This is how we do it in the Peoples Republic. Any major civil engineering project we will delay like crazy before starting, delay more while we pander to the damned RMA and his mates and then build the cheapest nastiest abortion of a half solution we can find that fell off the back of a truck.
So it is with great fanfare that we hear of the solution to the carnage on the road from the bottom of the Bombay Hills to the Coromandel. SH2 past Maramarua Golf Club is an automotive killing field. 'We are going to fix it' bleat the people whose job it is to bleat such things. We have an announcement today that the new road is going to be ready early. You little bewdy. But, as always, the devil is in the detail.

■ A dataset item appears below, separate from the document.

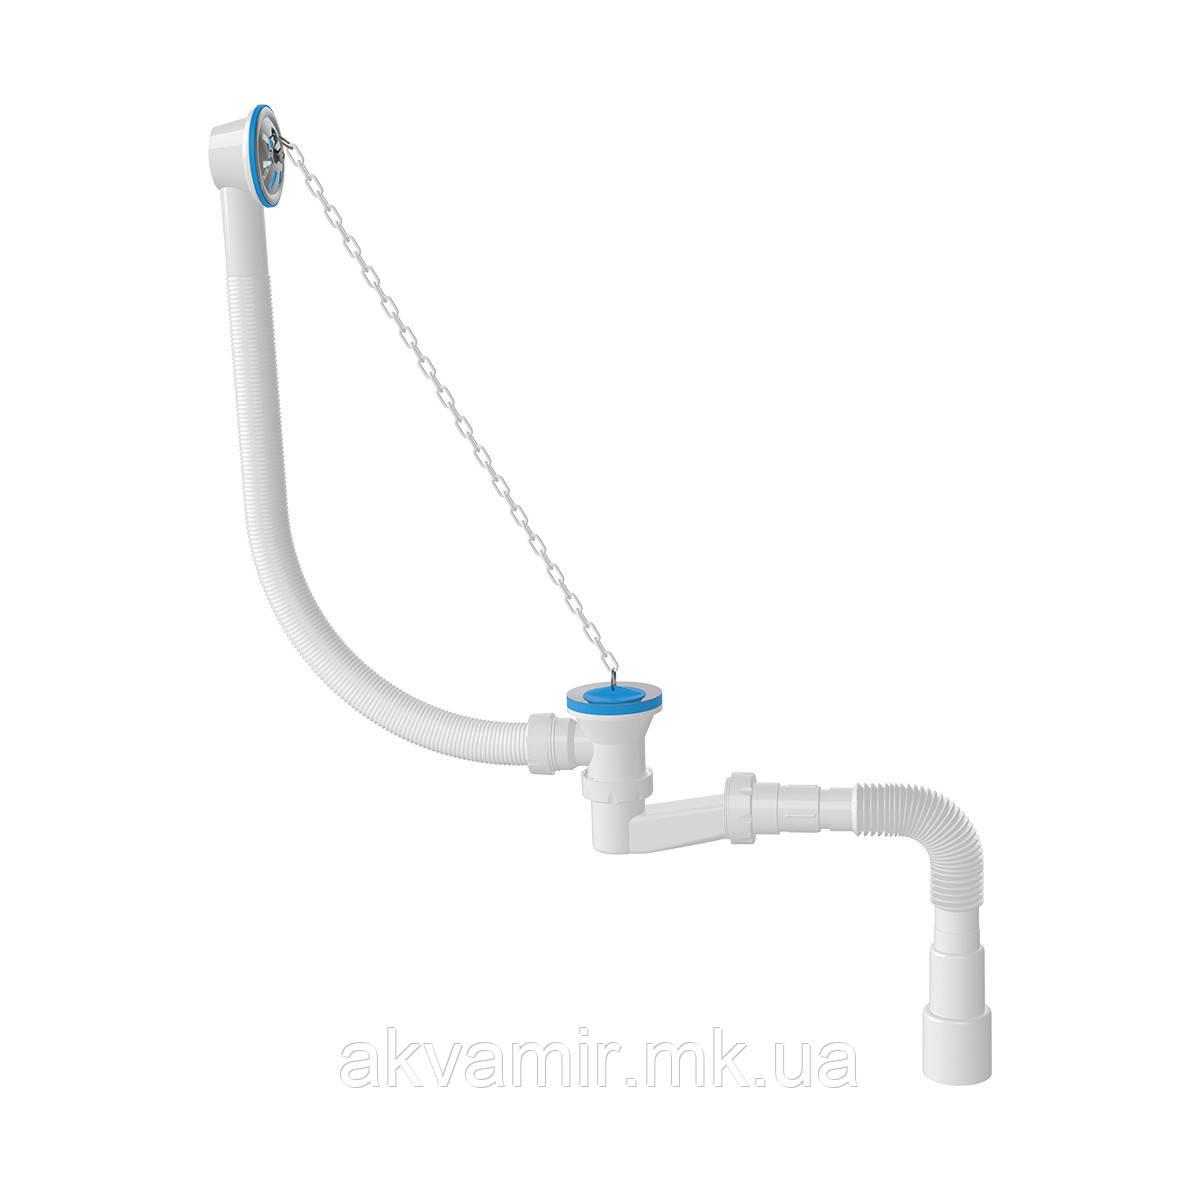 Сифон для ванны низкий 1521N (Турция)

Transport Agency project manager Peter Murphy (would have to be an Irishman wouldn't it?) says we are to have a 'sweeping' (terrific) two lane (I beg your pardon) road with 'ample shoulders' (sort of eighties power dresser of a road) and provision has been made to allow more "passing opportunities" over time (the final je ne sait quoi to cap off the lunacy). But there are passing lanes 'at each end'. Well whoopy do.
So let's get this straight (pardon the pun). We are replacing a bendy lethal goat track where you can't overtake with a straighter lethal goat track where you might be able to overtake at some time in the future. Terrific. And the reason we have got this joke is? The usual - lack of dosh. Or more correctly the lack of will to channel available dosh in the right direction. The initial delays were because the tenders for a proper four lane road were 'too high'. Which means they walked into the Aston Martin showroom with a the folding varieties for a Corolla and still wanted the DB9. When the guy at Independent Prestige told them to bugger off they still went and got the bloke at Albany Toyota to sharpen his pencil and we end up with the Signature Class road instead of even a brand new one - which is not as good as the one we needed in the first place. Mr Murphy even admits the new lunacy is shorter than is required as the $46 mill ran out after 3.8km and they were a few wheel barrows short of black smelly stuff to get the road to the 18th Tee.
We are destined to remain in the dark ages if we continue to build useless roads like this and then grandstand and claim them as a triumph.